(Data extracted from a collection)
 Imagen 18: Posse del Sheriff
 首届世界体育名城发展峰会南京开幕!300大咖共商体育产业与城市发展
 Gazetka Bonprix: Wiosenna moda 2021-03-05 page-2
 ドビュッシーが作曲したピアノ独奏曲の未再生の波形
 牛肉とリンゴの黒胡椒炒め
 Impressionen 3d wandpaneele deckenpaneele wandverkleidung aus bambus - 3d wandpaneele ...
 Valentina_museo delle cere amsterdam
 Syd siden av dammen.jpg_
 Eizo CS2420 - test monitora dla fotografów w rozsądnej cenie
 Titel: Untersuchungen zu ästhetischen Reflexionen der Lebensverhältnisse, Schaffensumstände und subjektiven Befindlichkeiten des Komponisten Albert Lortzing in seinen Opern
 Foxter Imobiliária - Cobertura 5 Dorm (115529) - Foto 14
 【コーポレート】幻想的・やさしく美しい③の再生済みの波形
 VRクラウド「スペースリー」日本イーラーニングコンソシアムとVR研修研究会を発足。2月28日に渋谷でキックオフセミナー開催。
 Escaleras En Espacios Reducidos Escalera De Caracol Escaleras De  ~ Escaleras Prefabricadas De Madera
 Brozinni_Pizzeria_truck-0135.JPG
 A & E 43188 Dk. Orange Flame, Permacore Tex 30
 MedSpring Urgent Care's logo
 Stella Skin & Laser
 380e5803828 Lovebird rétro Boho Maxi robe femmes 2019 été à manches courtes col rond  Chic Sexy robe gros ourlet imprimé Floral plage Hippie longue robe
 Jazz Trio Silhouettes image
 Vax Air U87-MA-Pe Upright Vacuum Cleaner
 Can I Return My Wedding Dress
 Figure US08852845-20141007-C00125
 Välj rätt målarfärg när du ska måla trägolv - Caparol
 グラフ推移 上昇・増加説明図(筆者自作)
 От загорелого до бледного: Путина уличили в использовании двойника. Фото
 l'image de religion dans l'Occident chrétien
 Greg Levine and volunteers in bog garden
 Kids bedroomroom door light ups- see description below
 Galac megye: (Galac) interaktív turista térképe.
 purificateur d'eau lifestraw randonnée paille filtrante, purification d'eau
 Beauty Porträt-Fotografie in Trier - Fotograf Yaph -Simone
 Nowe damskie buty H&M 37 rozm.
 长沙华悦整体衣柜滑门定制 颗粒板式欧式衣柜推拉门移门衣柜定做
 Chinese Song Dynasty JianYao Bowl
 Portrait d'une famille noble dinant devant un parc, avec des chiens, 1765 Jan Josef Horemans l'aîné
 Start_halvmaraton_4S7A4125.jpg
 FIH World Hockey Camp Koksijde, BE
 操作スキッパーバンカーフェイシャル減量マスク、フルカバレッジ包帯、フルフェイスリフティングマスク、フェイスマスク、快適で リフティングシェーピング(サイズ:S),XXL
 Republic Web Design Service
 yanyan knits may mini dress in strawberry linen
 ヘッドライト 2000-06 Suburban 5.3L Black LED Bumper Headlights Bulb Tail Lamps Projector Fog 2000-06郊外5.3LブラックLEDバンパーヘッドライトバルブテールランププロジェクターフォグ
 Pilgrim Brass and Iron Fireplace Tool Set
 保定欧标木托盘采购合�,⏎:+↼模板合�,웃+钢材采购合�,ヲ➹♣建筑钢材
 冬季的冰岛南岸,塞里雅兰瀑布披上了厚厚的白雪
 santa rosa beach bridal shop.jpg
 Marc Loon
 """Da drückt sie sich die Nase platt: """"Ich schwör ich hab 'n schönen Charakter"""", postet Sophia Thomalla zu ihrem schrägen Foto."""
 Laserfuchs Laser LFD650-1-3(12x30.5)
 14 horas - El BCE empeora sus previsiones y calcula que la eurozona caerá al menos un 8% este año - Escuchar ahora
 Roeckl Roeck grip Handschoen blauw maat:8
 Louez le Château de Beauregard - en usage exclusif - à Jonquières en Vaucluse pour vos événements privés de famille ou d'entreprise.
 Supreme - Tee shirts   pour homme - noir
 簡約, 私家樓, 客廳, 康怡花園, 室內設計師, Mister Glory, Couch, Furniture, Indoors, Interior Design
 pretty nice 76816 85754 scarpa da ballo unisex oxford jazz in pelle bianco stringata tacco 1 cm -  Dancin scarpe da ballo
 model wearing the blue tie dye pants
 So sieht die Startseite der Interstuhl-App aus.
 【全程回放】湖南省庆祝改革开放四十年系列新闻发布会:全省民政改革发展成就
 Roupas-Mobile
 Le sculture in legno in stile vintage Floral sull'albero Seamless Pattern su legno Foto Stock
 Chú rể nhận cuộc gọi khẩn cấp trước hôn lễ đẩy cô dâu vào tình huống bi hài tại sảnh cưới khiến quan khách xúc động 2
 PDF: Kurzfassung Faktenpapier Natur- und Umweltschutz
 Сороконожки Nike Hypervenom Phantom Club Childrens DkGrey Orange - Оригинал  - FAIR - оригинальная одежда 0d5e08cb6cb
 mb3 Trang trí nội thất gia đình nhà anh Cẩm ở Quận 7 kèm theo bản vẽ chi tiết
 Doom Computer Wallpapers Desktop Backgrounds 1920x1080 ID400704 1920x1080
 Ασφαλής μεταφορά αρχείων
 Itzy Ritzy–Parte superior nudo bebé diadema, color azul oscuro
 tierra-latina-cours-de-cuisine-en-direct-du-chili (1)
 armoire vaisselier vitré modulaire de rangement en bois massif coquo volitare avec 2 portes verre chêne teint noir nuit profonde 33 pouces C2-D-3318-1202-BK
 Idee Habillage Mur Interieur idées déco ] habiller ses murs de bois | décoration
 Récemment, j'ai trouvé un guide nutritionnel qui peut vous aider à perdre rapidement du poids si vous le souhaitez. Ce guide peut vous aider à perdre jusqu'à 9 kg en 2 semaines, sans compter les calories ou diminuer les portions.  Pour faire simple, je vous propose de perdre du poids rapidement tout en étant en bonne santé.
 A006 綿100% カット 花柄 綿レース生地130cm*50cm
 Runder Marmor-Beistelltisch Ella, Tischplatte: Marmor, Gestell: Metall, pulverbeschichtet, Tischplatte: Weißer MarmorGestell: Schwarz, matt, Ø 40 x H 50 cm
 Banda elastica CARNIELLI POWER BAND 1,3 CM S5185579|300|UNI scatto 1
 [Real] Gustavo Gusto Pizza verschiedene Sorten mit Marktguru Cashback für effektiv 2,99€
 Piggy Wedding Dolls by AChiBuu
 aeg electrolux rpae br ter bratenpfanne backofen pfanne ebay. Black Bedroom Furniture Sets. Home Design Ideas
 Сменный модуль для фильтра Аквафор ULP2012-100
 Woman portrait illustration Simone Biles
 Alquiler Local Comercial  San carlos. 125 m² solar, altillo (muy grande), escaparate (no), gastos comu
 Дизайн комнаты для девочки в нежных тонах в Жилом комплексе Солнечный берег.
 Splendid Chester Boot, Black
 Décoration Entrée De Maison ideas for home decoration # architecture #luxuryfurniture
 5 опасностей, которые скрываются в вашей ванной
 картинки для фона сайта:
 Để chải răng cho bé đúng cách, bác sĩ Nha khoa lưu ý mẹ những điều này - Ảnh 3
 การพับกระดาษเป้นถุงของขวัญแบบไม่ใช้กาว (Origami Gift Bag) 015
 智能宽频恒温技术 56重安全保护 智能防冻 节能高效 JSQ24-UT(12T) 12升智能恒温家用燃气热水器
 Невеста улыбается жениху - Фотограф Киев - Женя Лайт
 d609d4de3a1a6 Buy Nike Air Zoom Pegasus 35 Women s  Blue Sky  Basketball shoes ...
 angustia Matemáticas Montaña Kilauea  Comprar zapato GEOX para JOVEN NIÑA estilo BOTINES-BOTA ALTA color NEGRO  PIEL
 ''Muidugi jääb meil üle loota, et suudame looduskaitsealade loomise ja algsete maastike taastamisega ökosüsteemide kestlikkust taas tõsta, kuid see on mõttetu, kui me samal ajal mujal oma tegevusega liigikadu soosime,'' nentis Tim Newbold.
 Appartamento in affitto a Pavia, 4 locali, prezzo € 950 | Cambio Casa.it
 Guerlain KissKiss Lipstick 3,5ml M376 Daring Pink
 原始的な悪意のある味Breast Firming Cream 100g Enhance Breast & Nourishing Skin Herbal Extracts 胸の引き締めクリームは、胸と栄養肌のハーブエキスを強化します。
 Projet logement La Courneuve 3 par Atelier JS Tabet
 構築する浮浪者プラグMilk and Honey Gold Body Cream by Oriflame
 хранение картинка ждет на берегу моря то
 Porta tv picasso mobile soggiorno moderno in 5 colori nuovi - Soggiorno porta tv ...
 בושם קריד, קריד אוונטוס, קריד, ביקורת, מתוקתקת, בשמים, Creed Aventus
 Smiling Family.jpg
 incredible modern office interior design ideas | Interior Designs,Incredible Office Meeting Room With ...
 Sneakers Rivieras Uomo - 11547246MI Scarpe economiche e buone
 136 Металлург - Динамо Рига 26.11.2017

Your task: Beginning with the line that has "Supreme - Tee" and ending with the line that has "Le sculture in", set down the lines above exactly and include no others.

Result for this task:
 Supreme - Tee shirts   pour homme - noir
 簡約, 私家樓, 客廳, 康怡花園, 室內設計師, Mister Glory, Couch, Furniture, Indoors, Interior Design
 pretty nice 76816 85754 scarpa da ballo unisex oxford jazz in pelle bianco stringata tacco 1 cm -  Dancin scarpe da ballo
 model wearing the blue tie dye pants
 So sieht die Startseite der Interstuhl-App aus.
 【全程回放】湖南省庆祝改革开放四十年系列新闻发布会:全省民政改革发展成就
 Roupas-Mobile
 Le sculture in legno in stile vintage Floral sull'albero Seamless Pattern su legno Foto Stock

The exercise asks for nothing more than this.